Estádio da Calheta
- Location: Veneza near Calheta de São Miguel, Santiago, Cape Verde
- Coordinates: 15°11′38″N 23°35′54″W﻿ / ﻿15.1939°N 23.5982°W
- Capacity: 1,000

Construction
- Opened: 2008

Tenants
- ADEC AJAC Desportivo da Calheta Flor Jovem

= Estádio da Calheta =

Sports stadium in Cape Verde

Estádio da Calheta is a multi-purpose stadium in the village of Veneza (not far from the center) northwest of the town limits of Calheta de São Miguel in São Miguel, Cape Verde, just off the Praia-Pedra Badejo-Tarrafal Road (EN1-ST02). It is one of four that are operated by the Santiago North Regional Football Association (ARFSN). The stadium is home to Calheta's best clubs including AJAC, Desportivo da Calheta and Flor Jovem, recently it is the home field of ADEC. All clubs participate in the Santiago Island League North Zone, two in the Premier Division and ADEC in the Second Division.

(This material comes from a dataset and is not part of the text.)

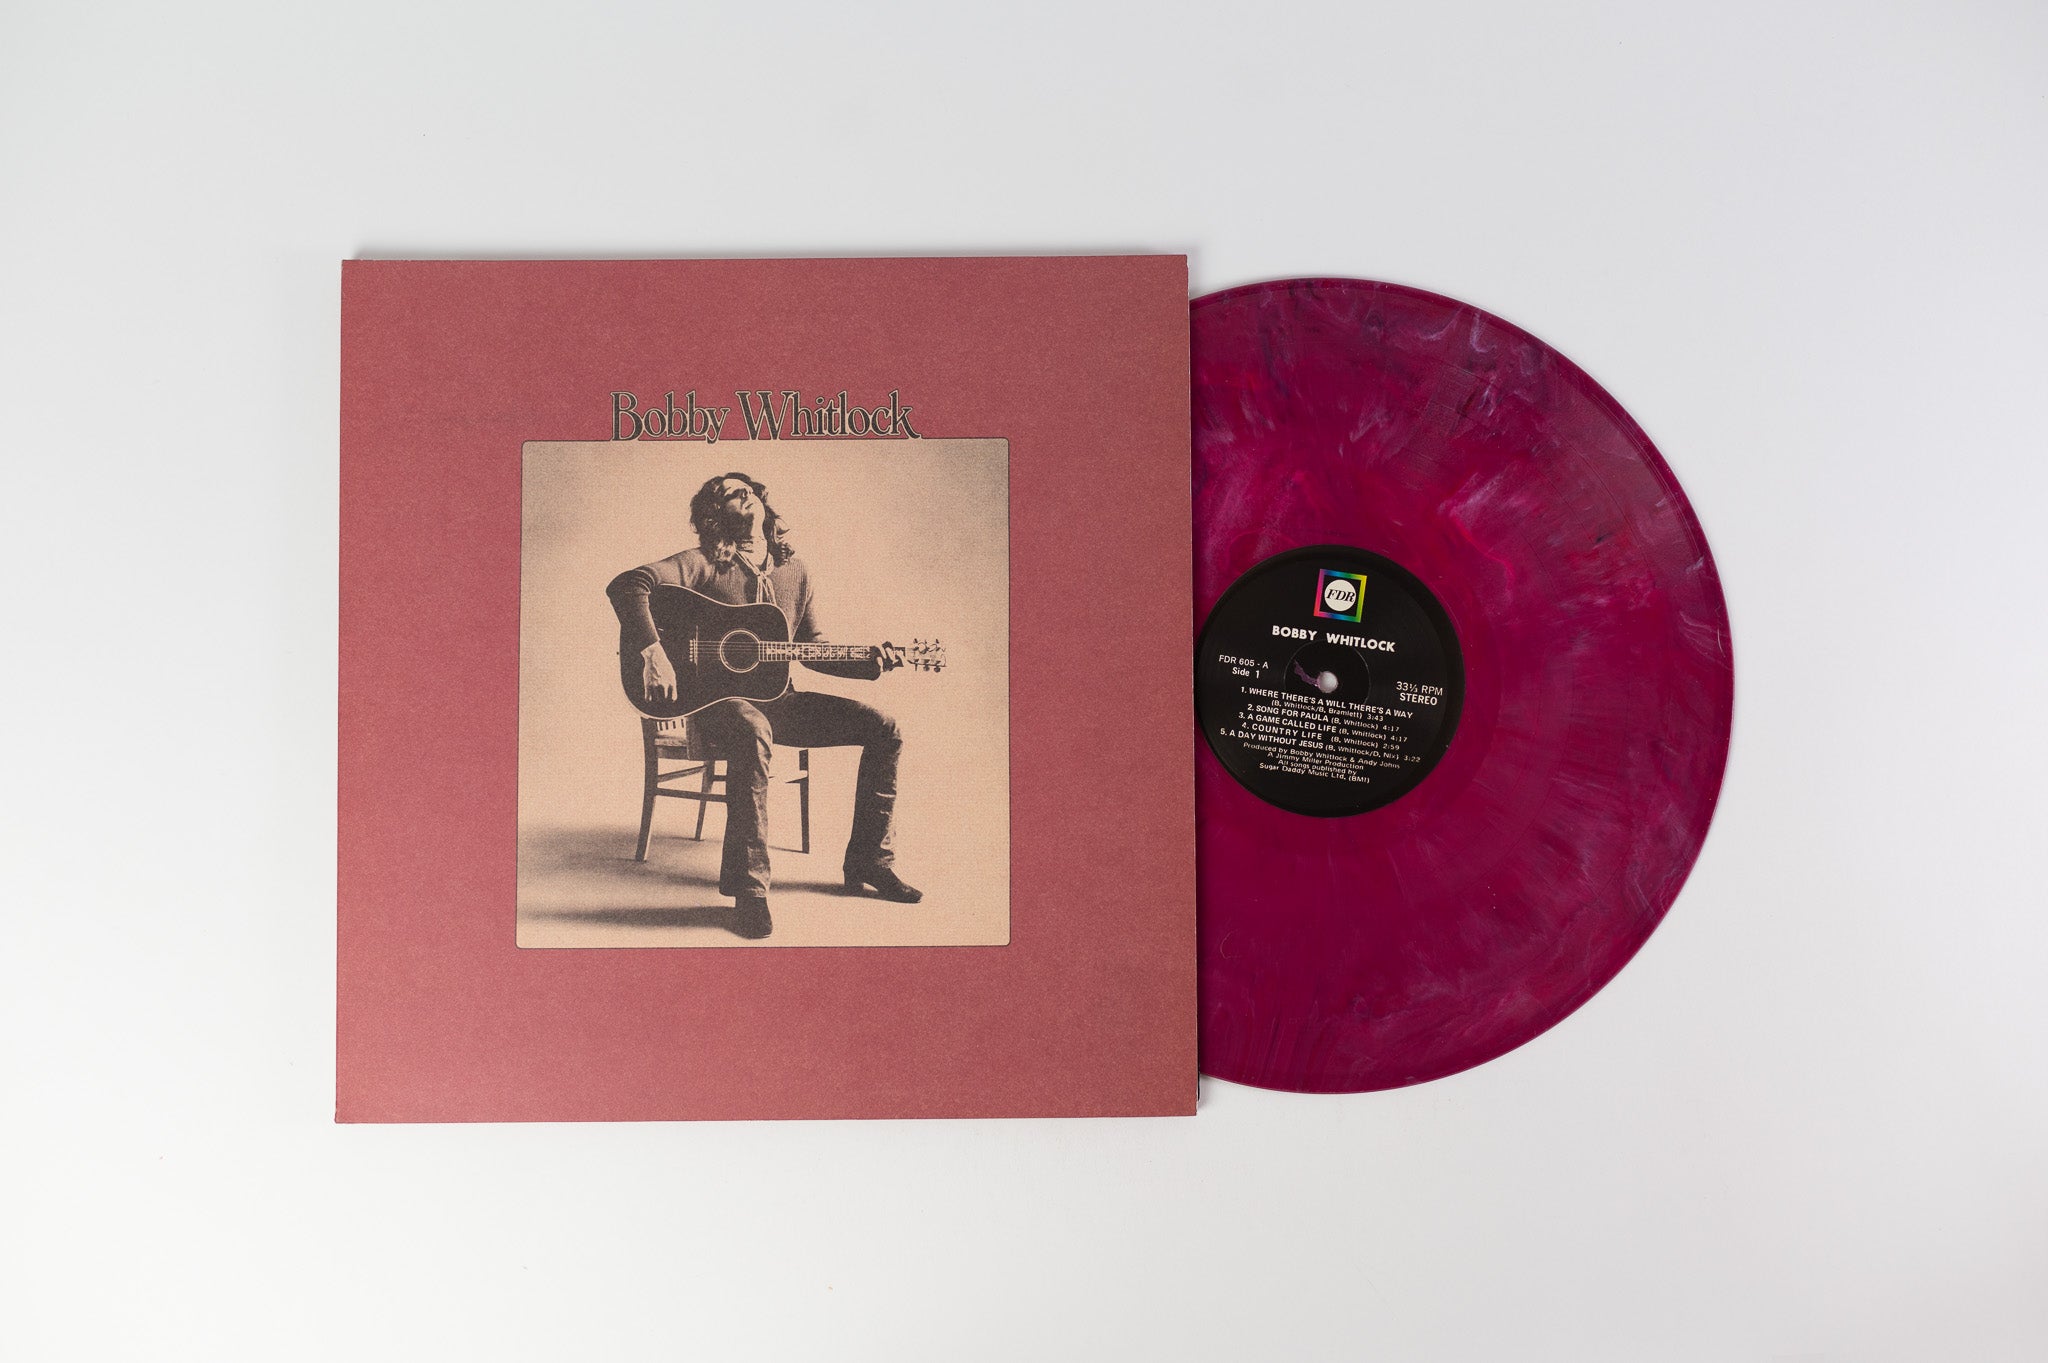 Bobby Whitlock - Bobby Whitlock on Future Days Recordings - Merlot Marble Colored Vinyl

The stadium is also used as a training ground before its matches.

==History==
The football (soccer) field was created around the late 20th century. Construction was completed around the late 2000s and clubs based in the municipality started to play at the stadium.

In 1999, football clubs from Tarrafal and Calheta de São Miguel played in that stadium. When Estádio da Calheta was constructed in 2008, all of its clubs plays at the stadium.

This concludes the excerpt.